TASK DATA
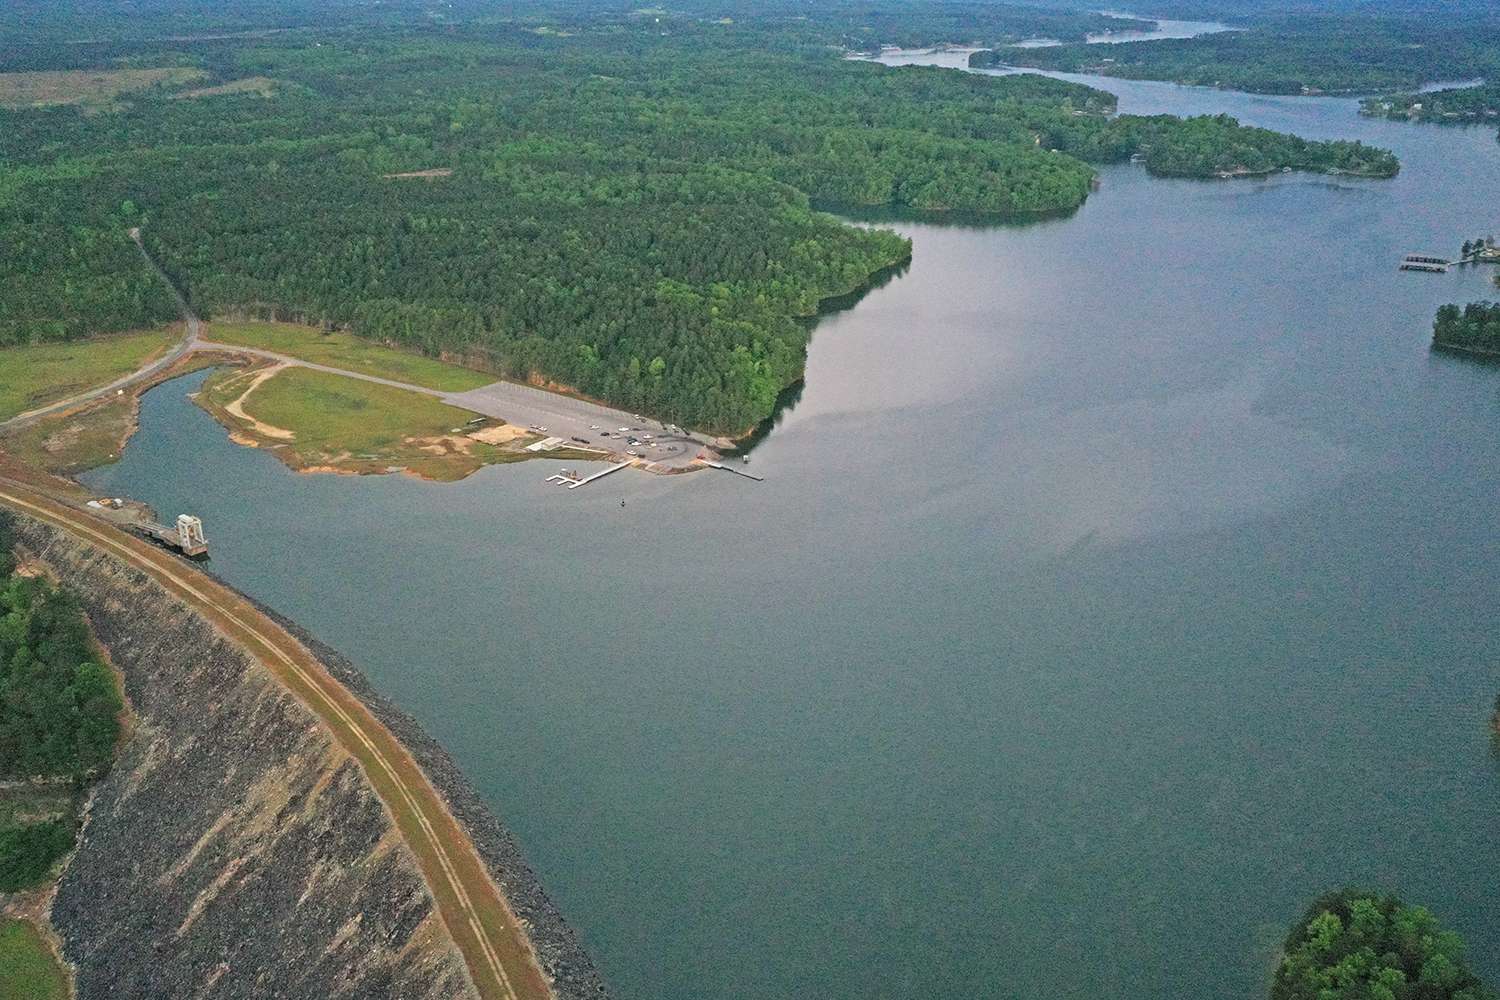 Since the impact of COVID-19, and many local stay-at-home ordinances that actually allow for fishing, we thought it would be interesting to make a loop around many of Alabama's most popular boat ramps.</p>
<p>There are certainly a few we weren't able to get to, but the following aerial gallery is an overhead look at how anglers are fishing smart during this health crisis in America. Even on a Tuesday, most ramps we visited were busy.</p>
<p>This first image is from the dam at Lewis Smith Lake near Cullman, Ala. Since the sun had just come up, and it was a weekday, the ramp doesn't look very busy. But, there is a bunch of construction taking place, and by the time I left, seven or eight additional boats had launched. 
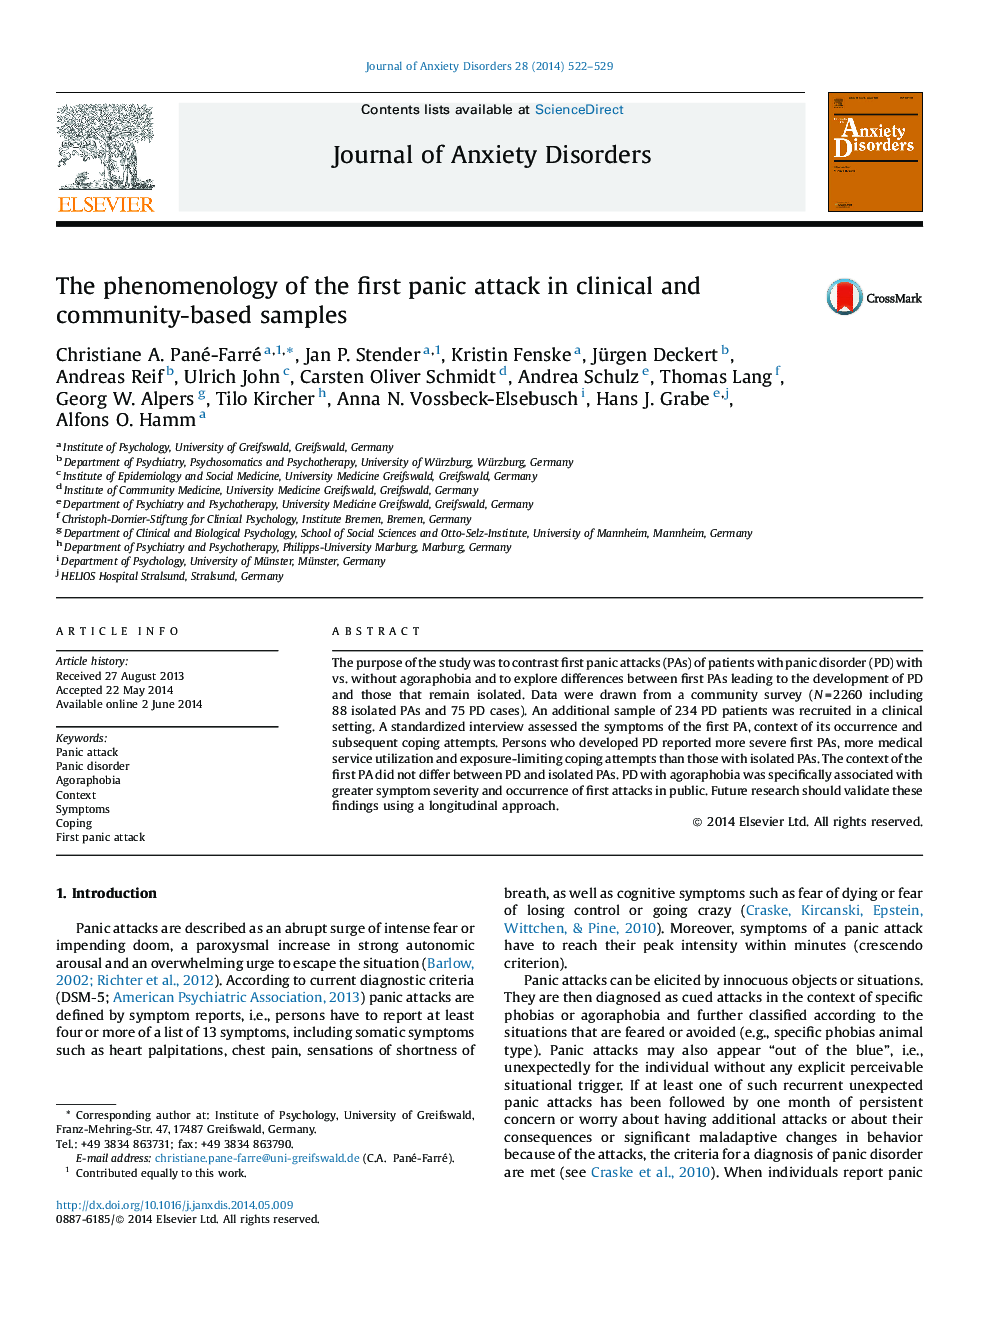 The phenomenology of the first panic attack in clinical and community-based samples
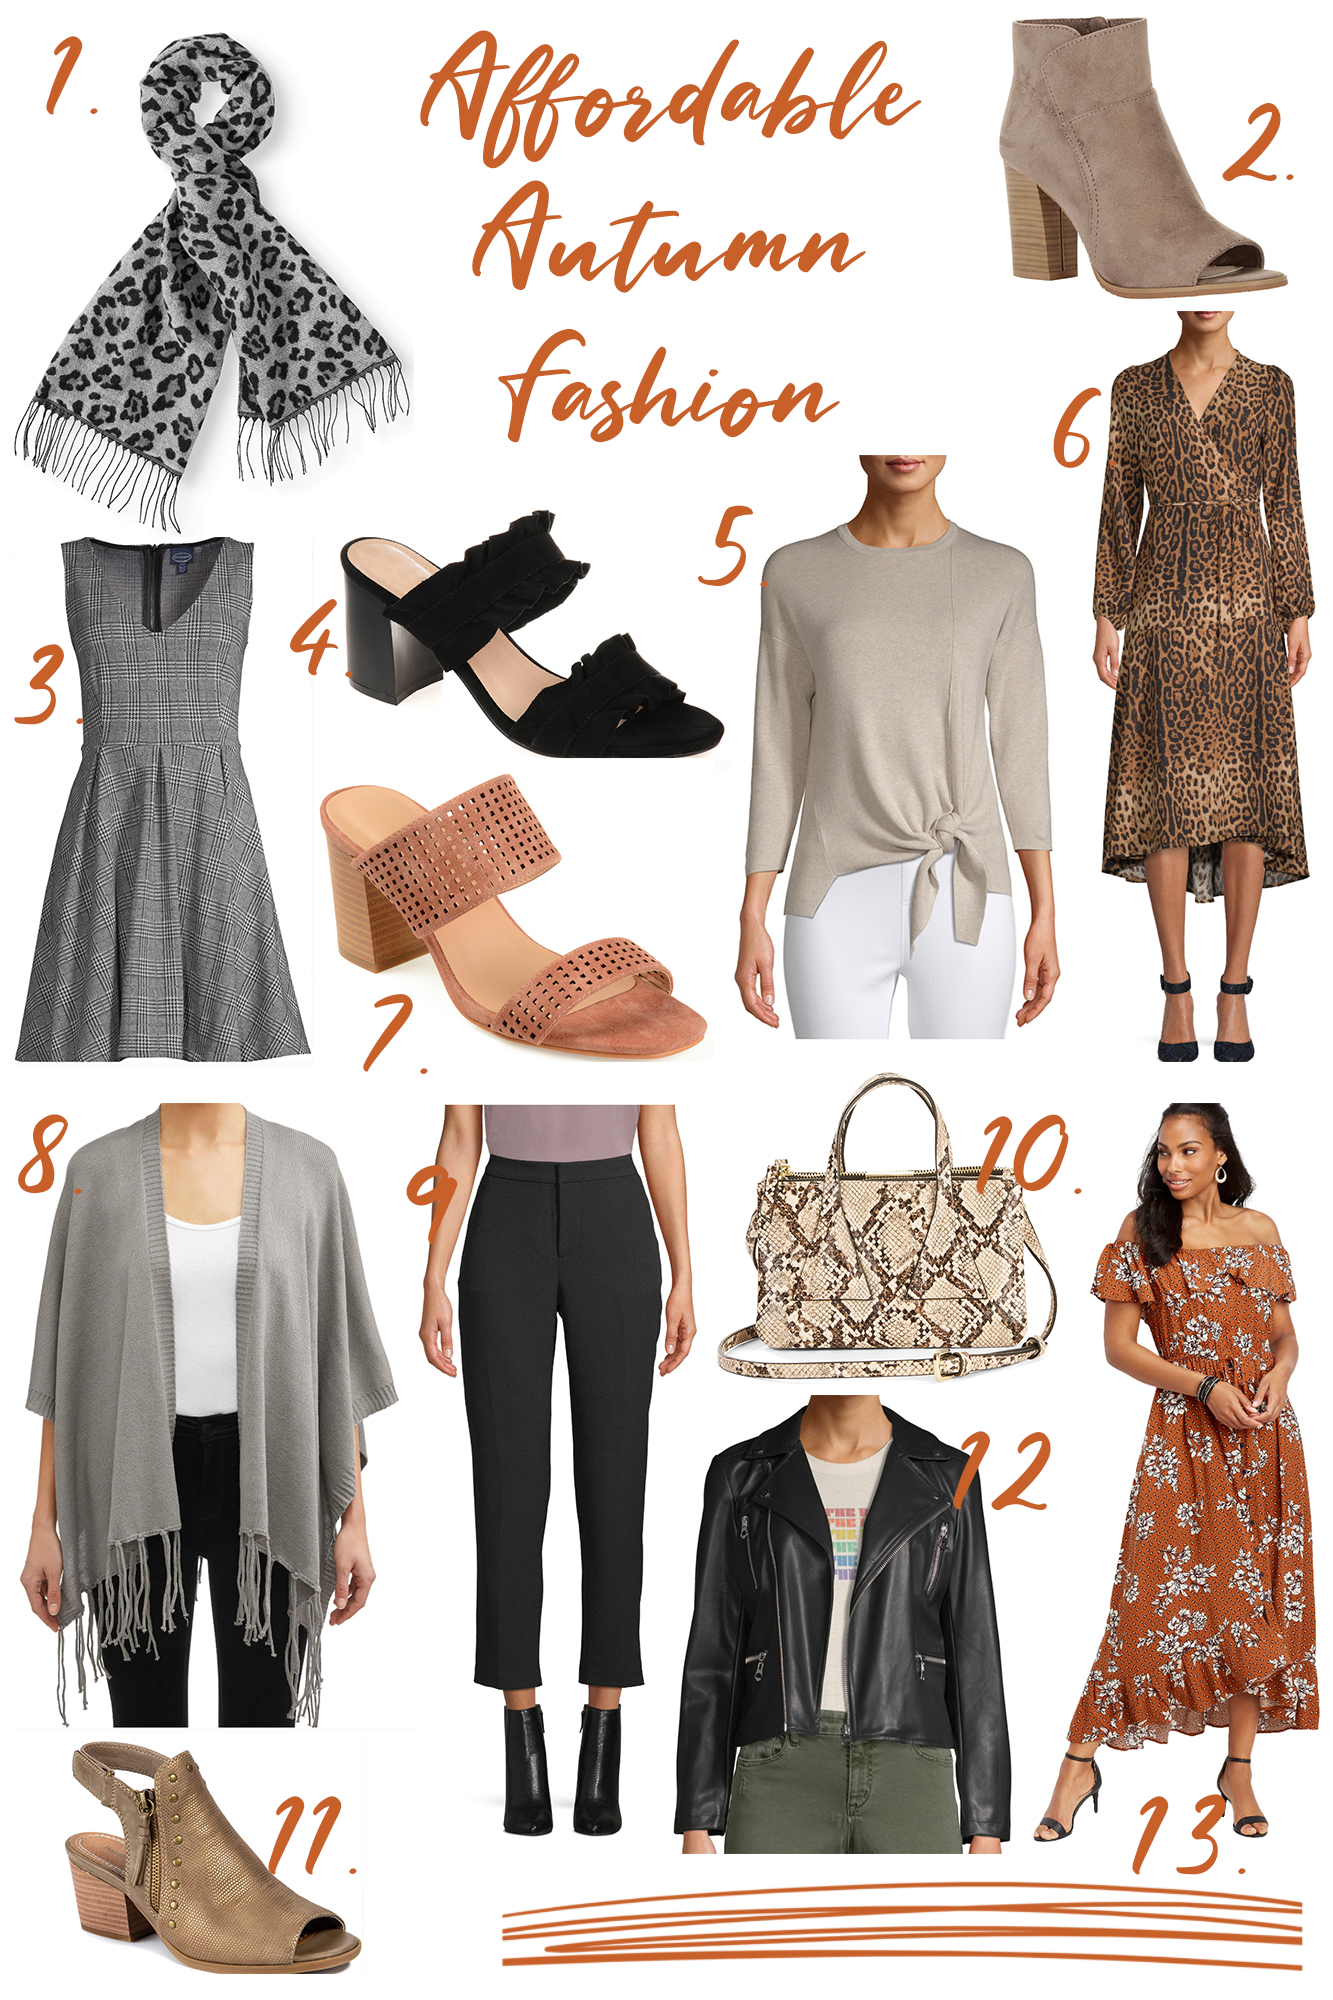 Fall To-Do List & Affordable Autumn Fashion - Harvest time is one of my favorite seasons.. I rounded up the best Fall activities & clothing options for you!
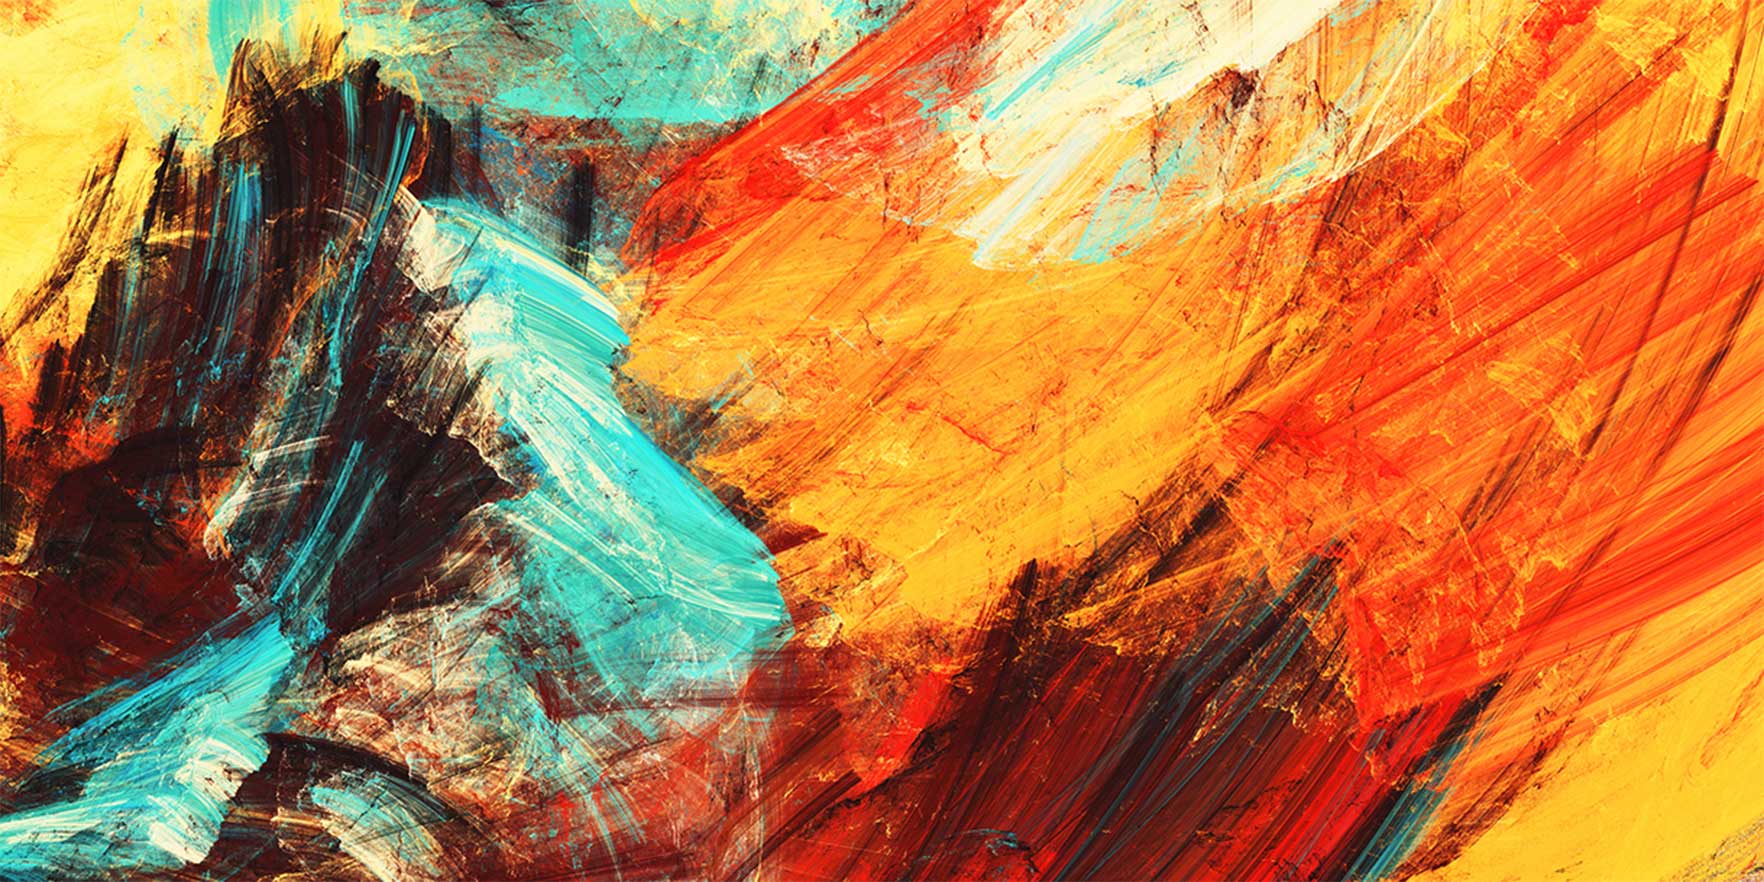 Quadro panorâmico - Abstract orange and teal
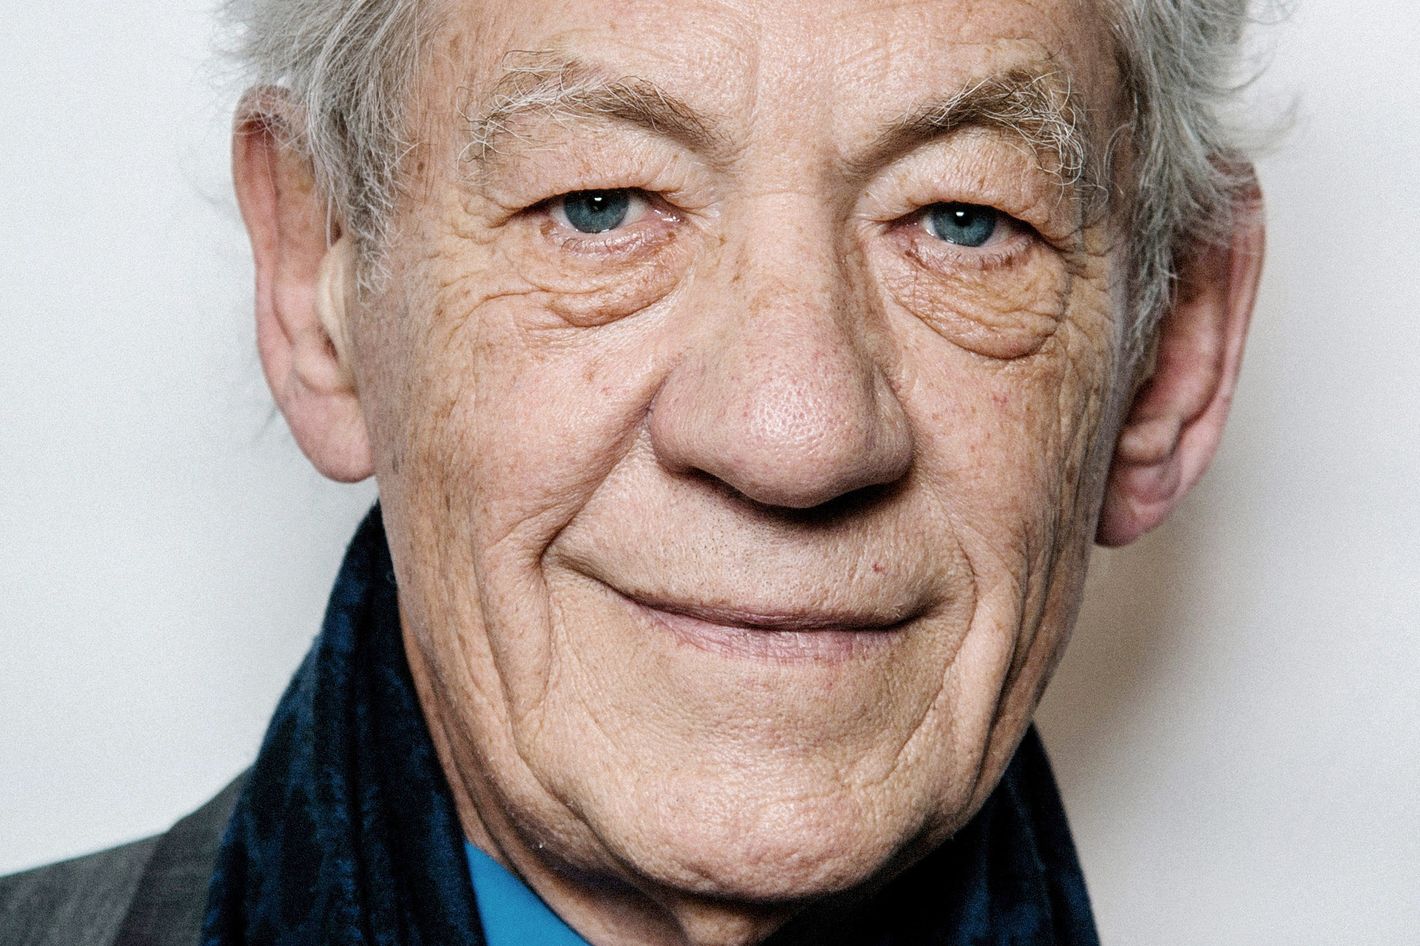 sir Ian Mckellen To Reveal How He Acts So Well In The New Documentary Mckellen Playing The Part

TASK TO COMPLETE
From the first line to the last, reproduce the records above exactly and skip the pictures.

WRITTEN SOLUTION
 Since the impact of COVID-19, and many local stay-at-home ordinances that actually allow for fishing, we thought it would be interesting to make a loop around many of Alabama's most popular boat ramps.</p>
<p>There are certainly a few we weren't able to get to, but the following aerial gallery is an overhead look at how anglers are fishing smart during this health crisis in America. Even on a Tuesday, most ramps we visited were busy.</p>
<p>This first image is from the dam at Lewis Smith Lake near Cullman, Ala. Since the sun had just come up, and it was a weekday, the ramp doesn't look very busy. But, there is a bunch of construction taking place, and by the time I left, seven or eight additional boats had launched. 
 The phenomenology of the first panic attack in clinical and community-based samples
 Fall To-Do List & Affordable Autumn Fashion - Harvest time is one of my favorite seasons.. I rounded up the best Fall activities & clothing options for you!
 Quadro panorâmico - Abstract orange and teal
 sir Ian Mckellen To Reveal How He Acts So Well In The New Documentary Mckellen Playing The Part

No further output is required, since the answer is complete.